Benny Joe’s second floor is filled with lenses, snoots, vacuum chambers, strobes and a lot of things he invented himself. He’s even designed software that does things I didn’t think were possible. Like being able to distinguish temperature gradations on the skin of aircraft from regular photographs.

“Fuck no. The manufacturer’s got some real attitude. Says I cost him a fuckin’ million-dollar sale on some bullshit machine I wrote an online review about. Wait’ll I crack the fuckin’ JFK case. He’ll chase me down to kiss my fuckin’ ass.”

As anyone who’s been in his house or talked to him for five minutes has discovered, Benny Joe is obsessed with the Kennedy assassination. He’s convinced that the bullets fired in Dealey Plaza that day are actually captured on the Zapruder film, and that it’s just a matter of time before he comes up with the technology to tease them out.

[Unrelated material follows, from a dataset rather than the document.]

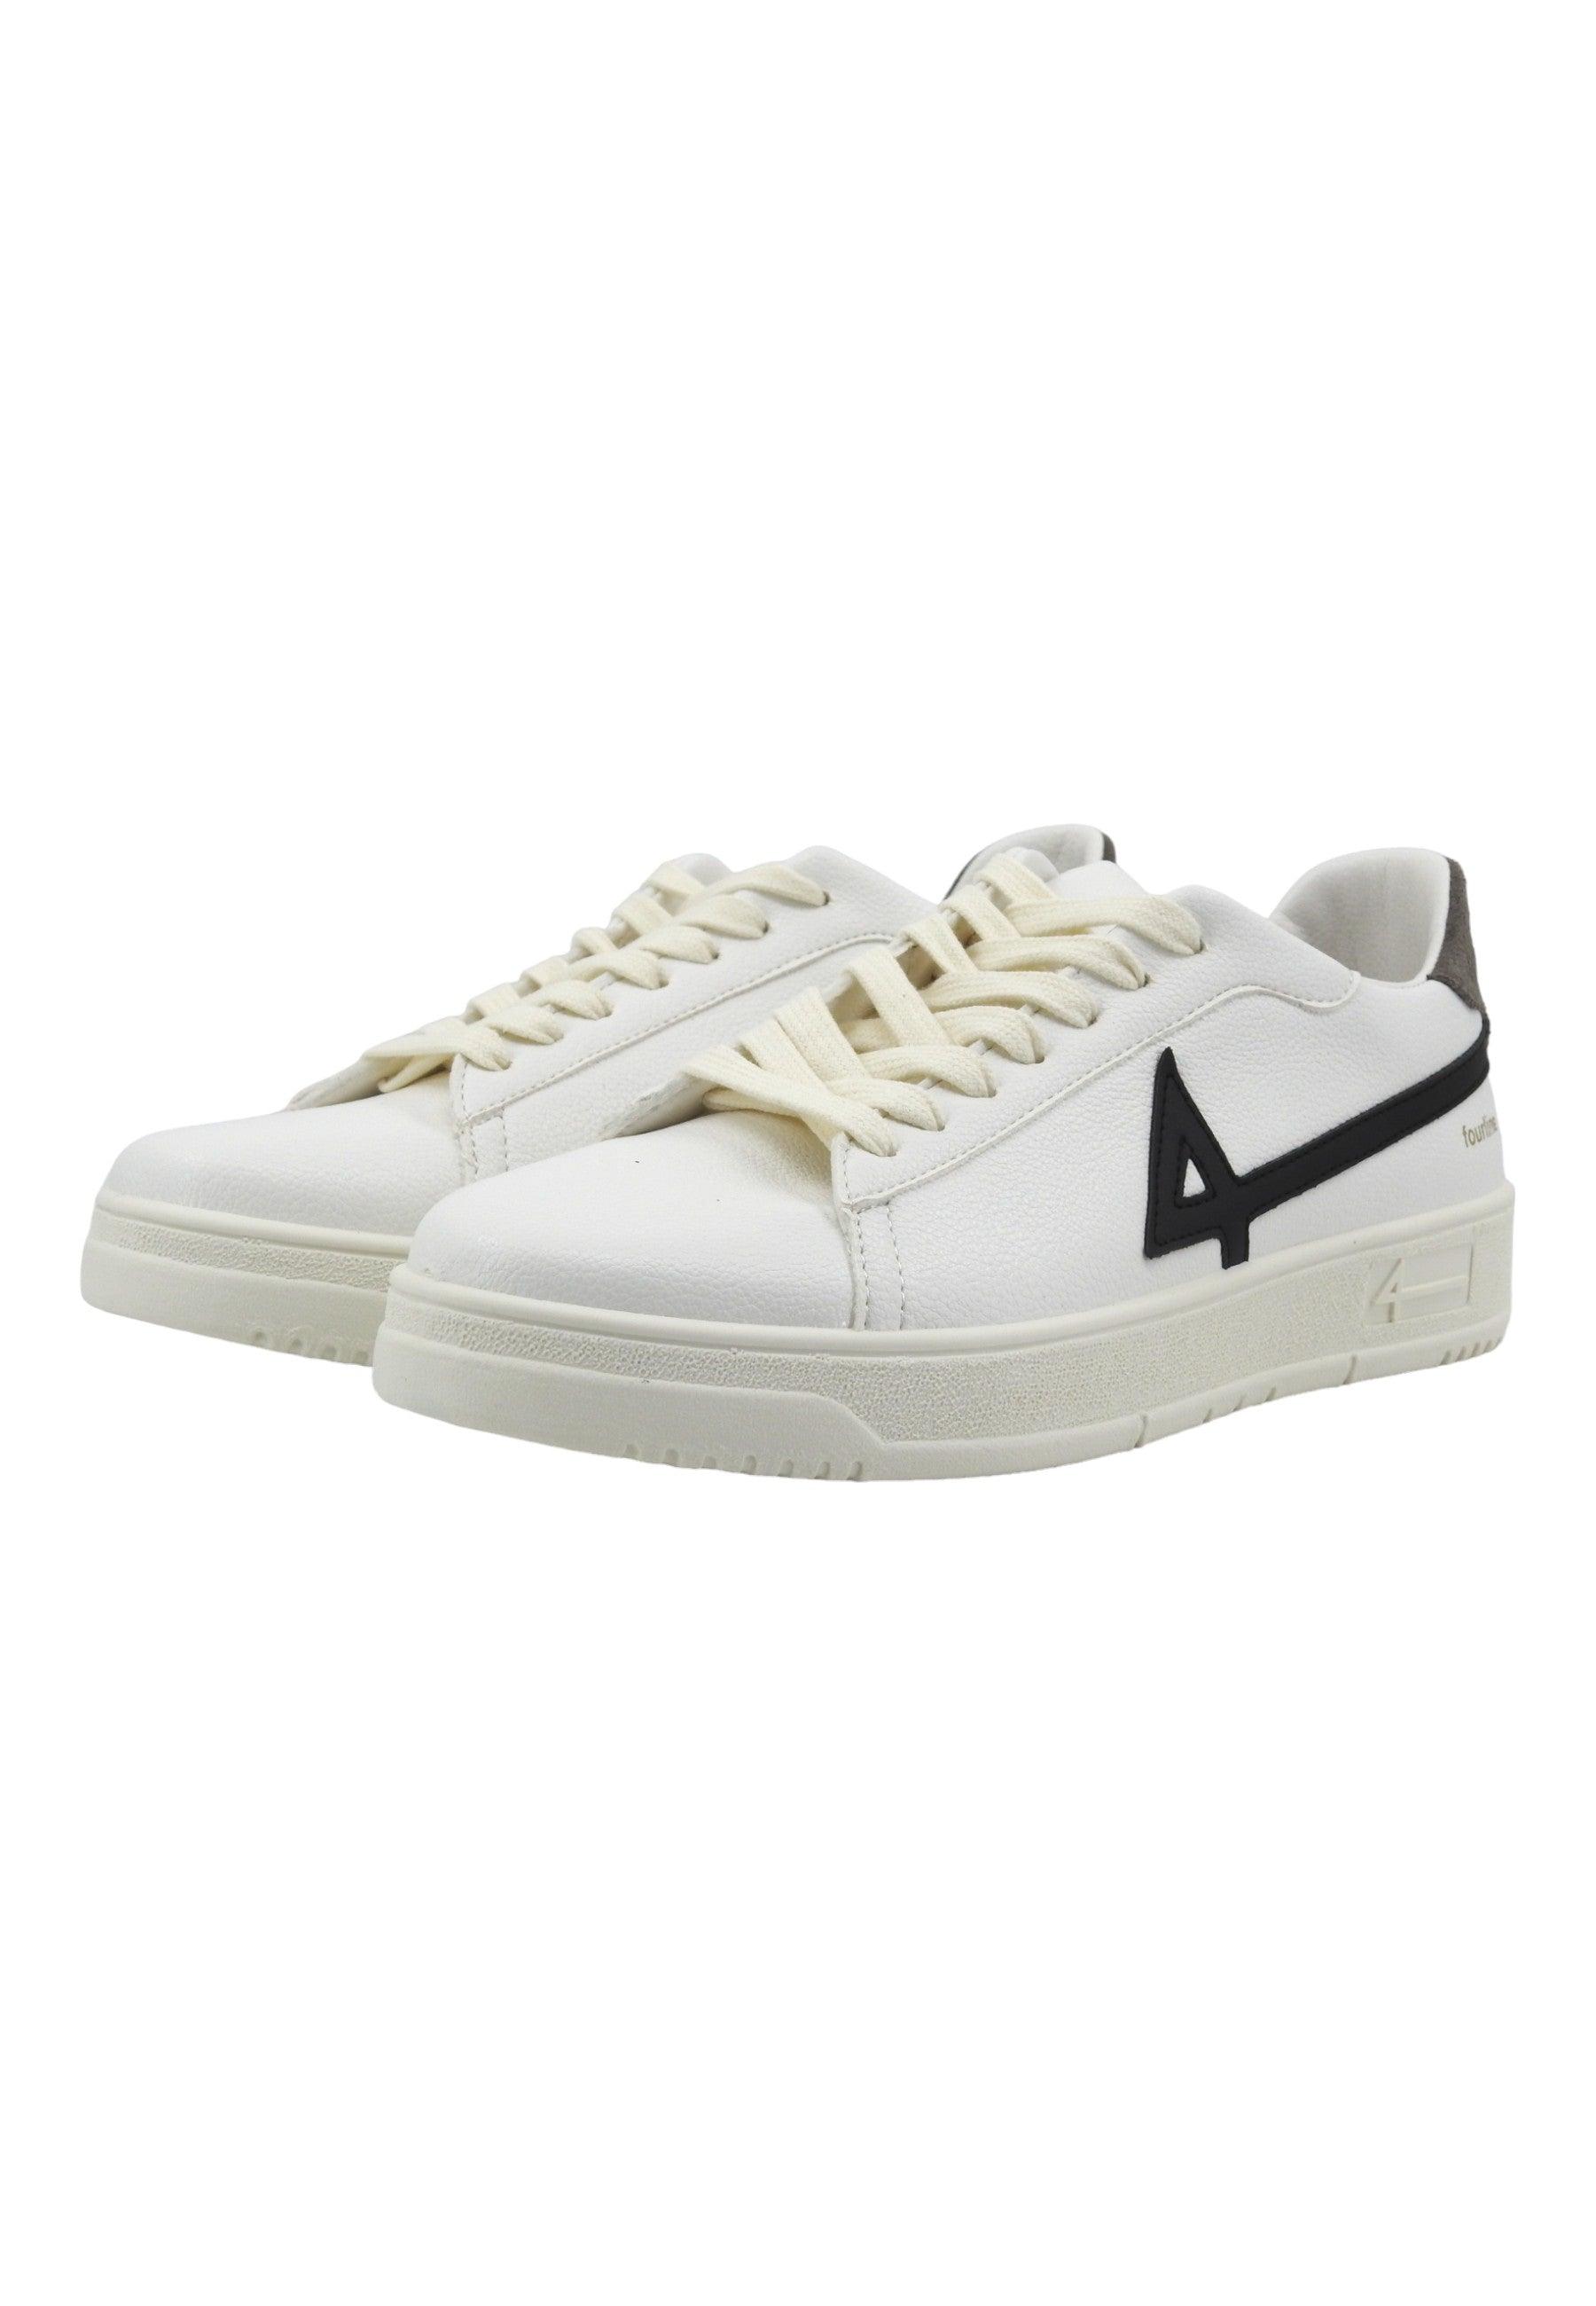 FOURLINE Sneaker Uomo Black Grey Bianco X504 - Sandrini Calzature e Abbigliamento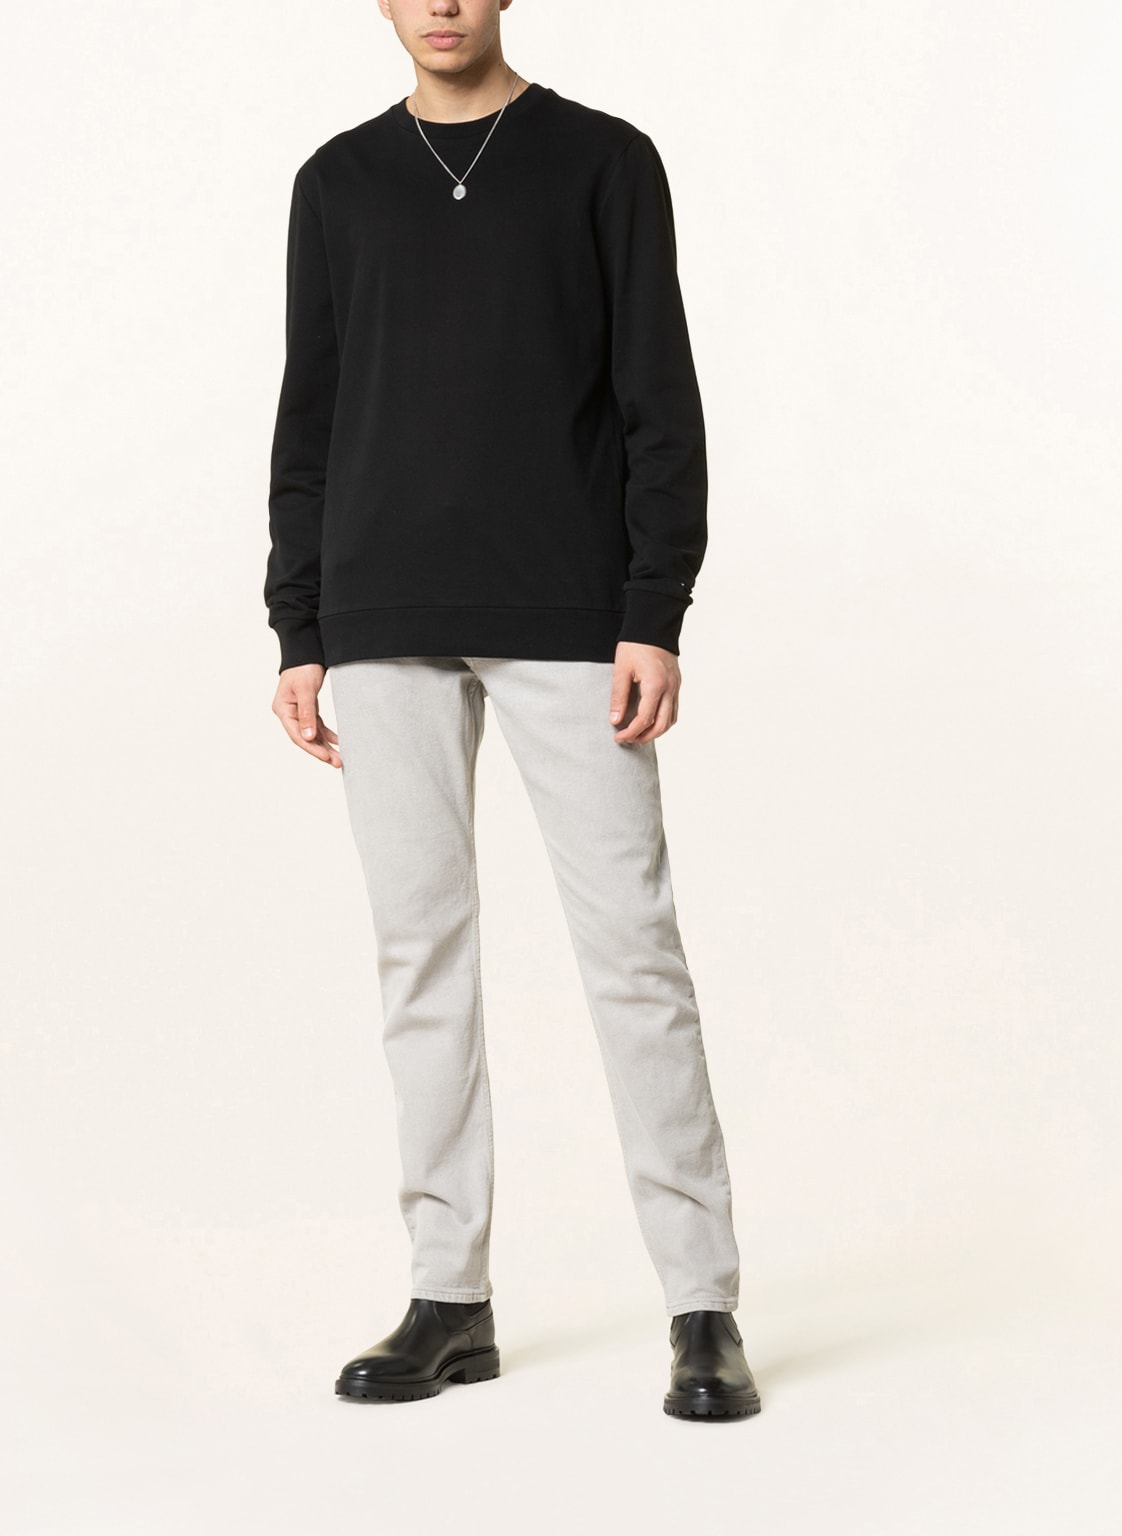 ALL SAINTS Sweatshirt HASTE in schwarz online kaufen

He reminds skeptics that twenty-five years ago, they’d have sent you into therapy if you’d suggested DNA would eventually put criminals in prison. That it’s the same with photography. Everything’s there, you just have to have the right equipment to see it.

I’m not smart enough to know one way or another, but Benny Joe’s got his supporters, one of whom from his former government life sneaked him a first-generation copy of Abraham Zapruder’s 8mm contribution to history.

I do know I’ve seen him work magic. Like the pictures I bought a couple of months ago. I like estate sales. I don’t buy much, but it’s fascinating to look at what people accumulate over a lifetime and a lot more interesting than walking around a mall.

I was in Pittsburgh when I saw an ad for a sale in Point Breeze, one of the city’s ritzy old neighborhoods. The home had belonged to a member of the Thaw steel family, who’d lived there in grandeur for over a century before they’d finally died out.

When I showed up, the place was jammed, and the auctioneer was hawking in orgiastic delight as dealers and speculators tried to outbid each other for Tiffany lamps and Chippendale furniture. Nobody, however, was interested in four boxes of old photographs evidently taken by a succession of family members.

I don’t know why I bought them either. Maybe it was intuition, or more likely, I was just bored. Either way, the whole thing only set me back seventy-five bucks, which was less than I’d paid for dinner the night before.